Why Spirit Airlines (SAVE) Might fly High in 2020

Spirit Airlines (SAVE) gets a bad rap for allegedly providing inferior service as a budget airline. Though Spirit’s profit margin is decreasing, there is reason for hope: margin pressure is beginning to dissipate, unit revenue growth looks solid and fuel prices are still more than reasonable. Spirit’s latest guidance update indicates the airliner’s capacity increased nearly 17% on a year over year basis, beating internal estimates. As a result, Spirit’s aggregate revenue climbed 12%, hitting $970 million.

Spirit bulls are enthused by the fact that its adjusted costs for non-fuel units bumped up slightly more than 3%. This minimal increase is considered a victory from the perspective of Spirit executives and investors as the hike is toward the lower end of the company’s forecast.

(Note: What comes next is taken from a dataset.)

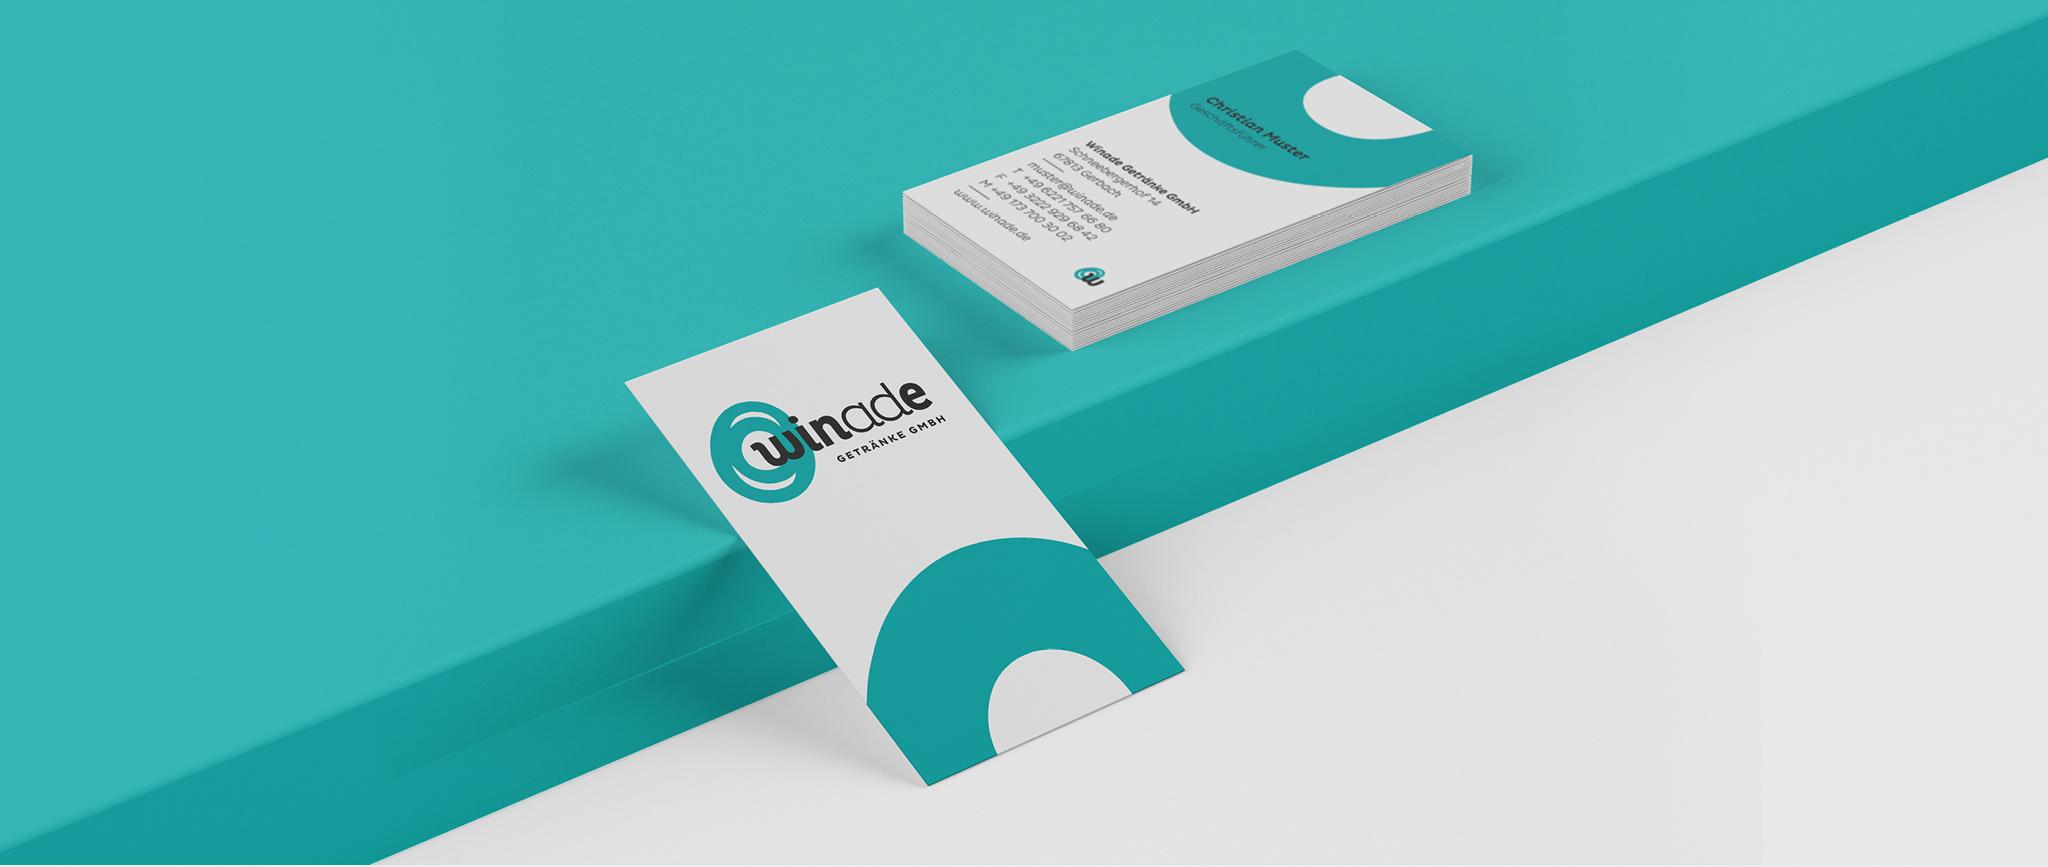 Winade Markenentwicklung: Stationary Visitenkarten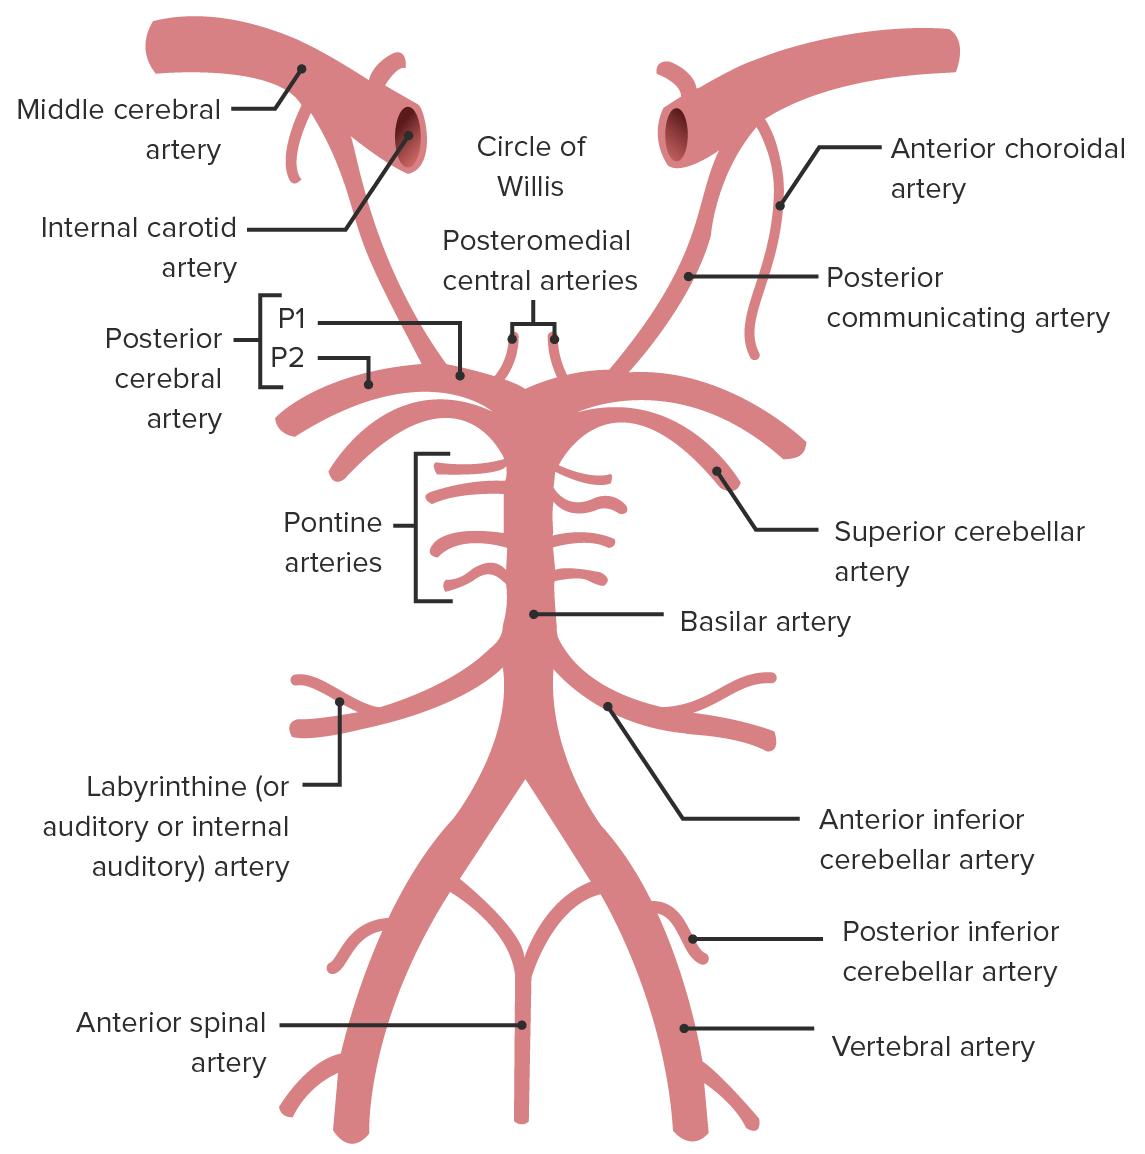 Posterior inferior cerebellar artery (PICA)

If Spirit ends up reporting a fourth quarter adjusted earnings per share (EPS) around $1.24, it will be considered progress. However, this short-term victory is somewhat tempered by the fact that an EPS around $1.24 constitutes a 10% decline on a year over year basis. Still, the company’s prior quarterly forecast indicated Spirit executives expected a whopping 28% EPS reduction. In other words, Spirit investors have that much more reason to be enthused.

The bottom line is Spirit is still quite the affordable stock. The Miaramar, FL-based budget airline is likely undervalued at its current price of $42. Though well-established adults and those on salary as opposed to an hourly wage might scoff at the idea of flying with uber-cheap Spirit, the bottom line is the masses are more than willing to buy plane tickets from the airliner. Investment analysts far and wide agree Spirit has fantastic growth prospects across posterity. Do not let a rough 2019 sway you into the Spirit bear camp. Last year’s combination of untimely runway closures at airports often used by Spirit along with inclement weather was merely a setback for the airliner. Though airport costs are spiking in ’20, Spirit executives have a solid plan in place to expand unit revenue at the same pace as unit costs, helping to boost or at least stabilize margins, ultimately setting the stage for a successful new year.